As for the mass grave site, it was visited by another professional researcher, Oks Vladimir Moiseevich of Odessa. He gives his address as 270065, Odessa, Varnenskaya str., 17D, apt. 52 [ph: (0482)665950]. His report on Sudilkov, dated March 30-April 18, 1995 and labeled “US Comm. No. UA22070501”, contains some extremely valuable information on the town and its prewar community. Unlike his predecessor Berovich, Moiseevich apparently spent nineteen days in Sudilkov and not just one, perhaps because of the special challenge of gathering information on an unmarked mass grave. He begins his survey by estimating the present population (of Shepetovka?) to be between one and five thousand people, with no Jews—much lower than Berovich’s figure! He then identifies the “village soviet” Kozlov Vladimir Ivanovich and a local official of Shepetovka, Ivan Petrovich (tel: 03840- 51370), as well as some others. These are evidently his research contacts. He also cites two people he interviewed for the survey, Pol’sky B.I. and Berezovskaya L.L., both of Shepetovka. I will come back to his description of the mass grave in the chapter on World War II.
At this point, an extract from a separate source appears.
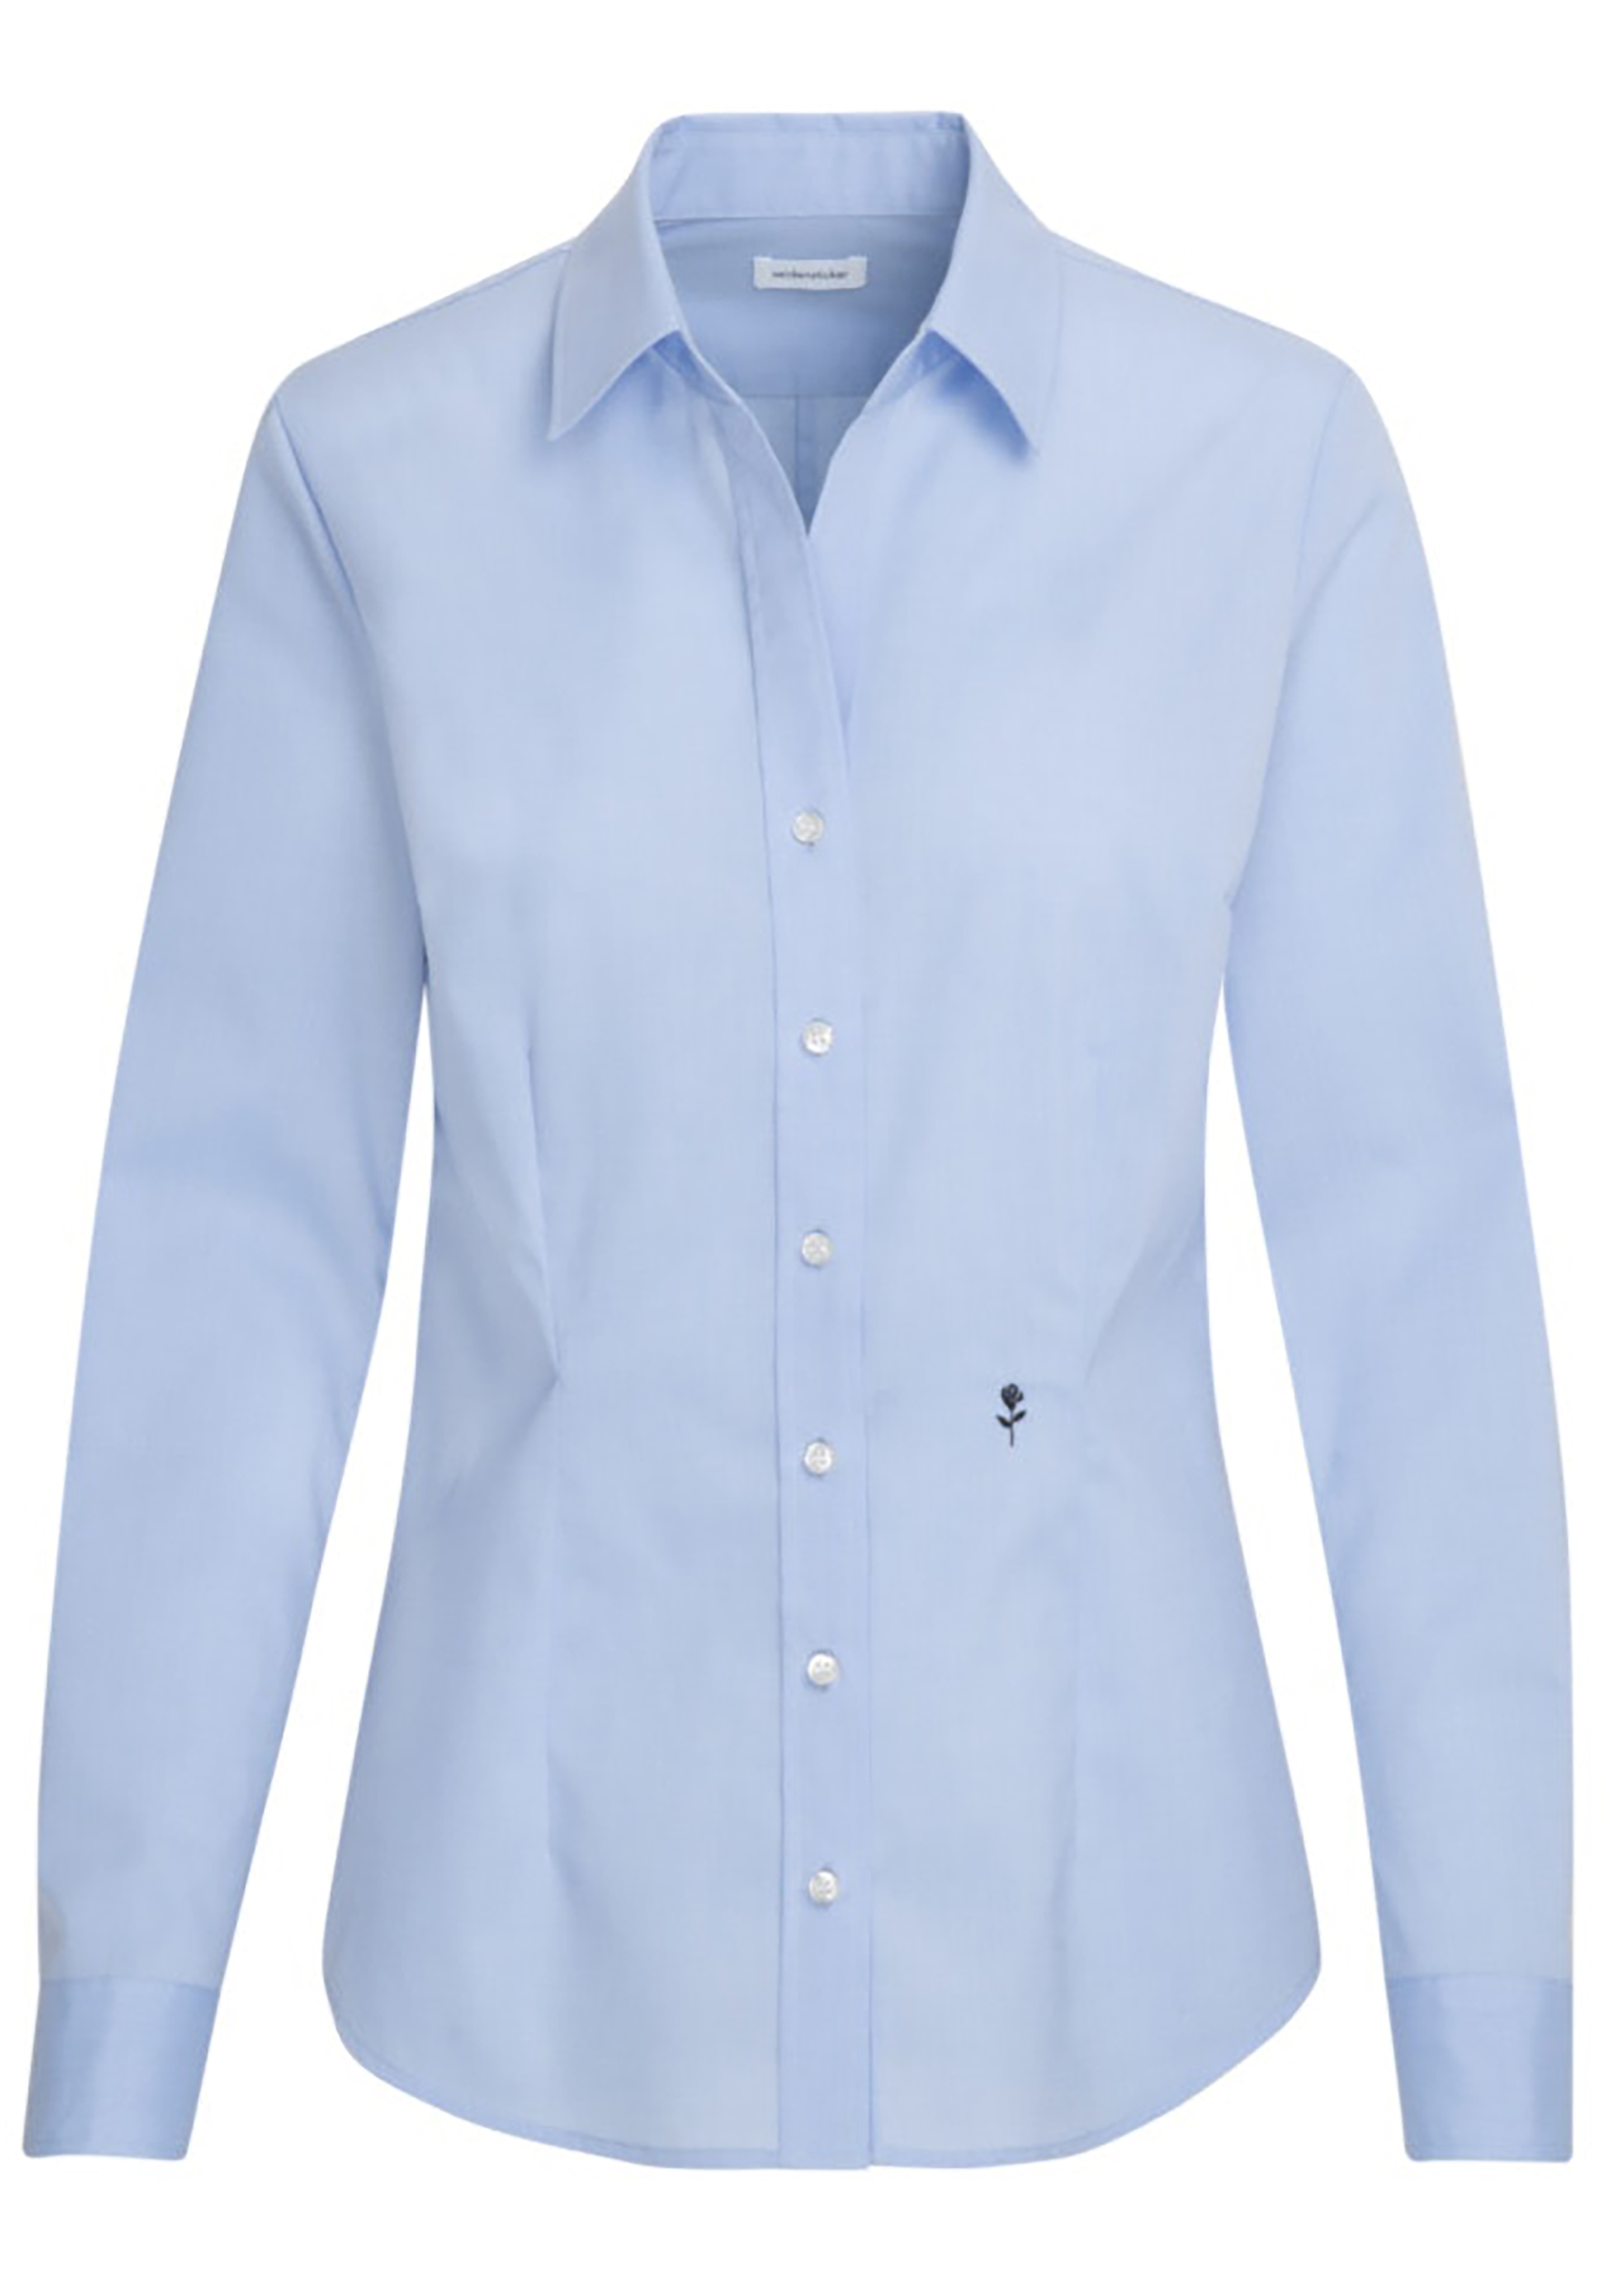 markt Uithoudingsvermogen Oppositie Seidensticker dames blouse slim fit, lichtblauw - Shop de nieuwste  voorjaarsmode

Moiseevich declares that “the earliest known Jewish community in this town” existed from the seventeenth century. This is, of course, a century later than Berovich’s date of “16th century”. Unfortunately, neither researcher refers to sources for his dates. Also with regard to the seventeenth century, Moiseevich claims that the years 1648-1649 saw “noteworthy historical events involving or affecting the Jewish community”, but he does not elaborate. Nevertheless, he must have been referring to the great Cossack Uprising discussed above.